---
title: "Migration Guide: v0.x to v1.x"
description: "Guide for migrating from Agency Swarm v0.x to v1.x (OpenAI Agents SDK based)"
icon: "book"
---
Agency Swarm v1.x is a complete rewrite built on the OpenAI Agents SDK, bringing significant improvements and new capabilities.
## Installation
```bash
pip install "agency-swarm<1.0.0"
```
v0.x documentation remains available at the current site until v1.0 reaches general availability.
```bash
pip install agency-swarm
```
If you encounter issues, please create a GitHub issue with the **v1.x** label.
## What's New in v1.x
Full support for reasoning models
Web Search and Computer Use capabilities
Async-first architecture with direct conversation control
Simple `@function_tool` decorator replaces complex BaseTool classes
No more black-box Assistants API - full control over threads and runs
### New Capabilities
- **Web Search & Computer Use**: Native OpenAI Responses API integration
- **Latest Models**: Full support for o3, o4-mini, and future OpenAI models via Responses API
- **Third-Party Models**: Use any Chat Completions API-compatible provider
- **Direct Thread Control**: No more black-box Assistants API limitations
- **Full Conversation Persistence**: Complete history management (not just thread IDs)

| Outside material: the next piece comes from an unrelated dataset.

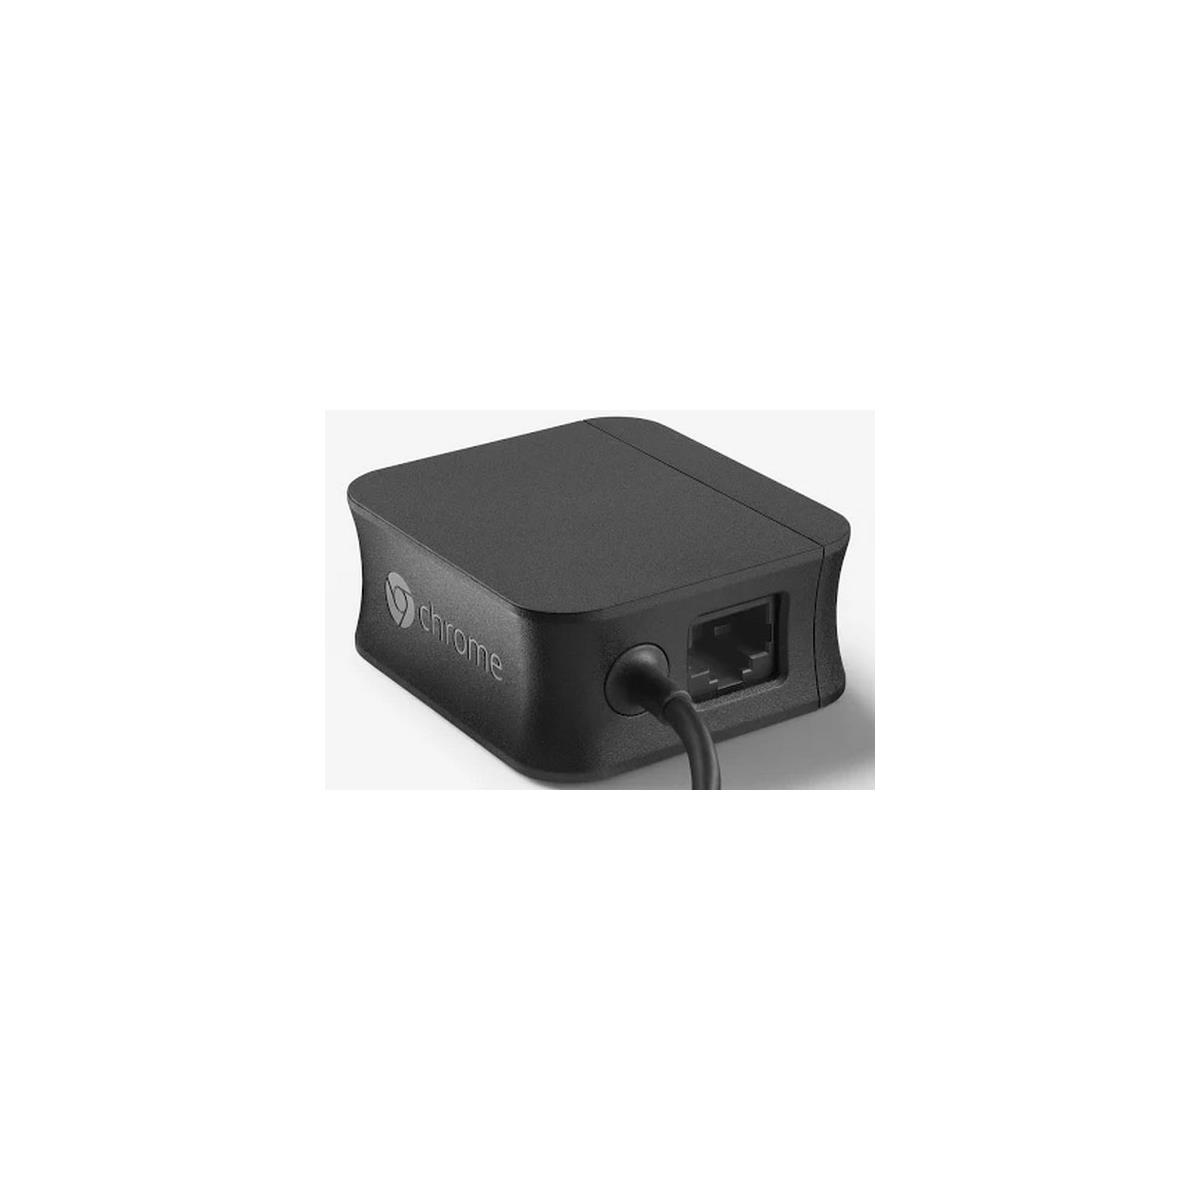 Google Chromecast Receives $15 Ethernet Adapter Option

- **Enhanced Validation**: `output_guardrails` and `input_guardrails` system
### Architectural Improvements
- **Orchestrator Pattern on New Foundation**: Agency Swarm's proven orchestrator-workers pattern now runs on the OpenAI Agents SDK foundation
- **Async-first**: Native async execution for better performance
- **Enhanced Communication**: Defined `communication_flows` for coordinated multi-agent execution
- **Better State Management**: Complete conversation history persistence
### Enhanced Developer Experience
- **Structured Outputs**: Native Pydantic model support for agent outputs via `output_type`
- **Modern Tool System**: `@function_tool` decorator replaces `BaseTool` classes for cleaner tool definitions
- **Better Validation**: `output_guardrails` and `input_guardrails` replace the old `response_validator` system
- **Real-time Streaming**: Improved streaming capabilities with async response handling
The migration from v0.x to v1.x represents a fundamental shift in how Agency Swarm operates:
### Execution Core
- **v0.x**: Used OpenAI Assistants API runs directly
- **v1.x**: Uses `agents.Runner` from OpenAI Agents SDK for more control
### State Management
- **v0.x**: Relied on Assistant/Thread objects managed by OpenAI
- **v1.x**: Uses `ThreadManager` and `MessageStore` managed via `RunHooks` and shared `MasterContext`
### Agent Definition
- **v0.x**: Custom `Agent` class with Assistants API integration
- **v1.x**: `agency_swarm.Agent` extends `agents.Agent`, incorporating tools, subagent registration, and file handling
### Conversation History Persistence
This is an important architectural difference between versions:
- **v0.x (Assistants API)**: Required thread callbacks for production to persist OpenAI Assistant/Thread IDs. OpenAI managed conversation history server-side.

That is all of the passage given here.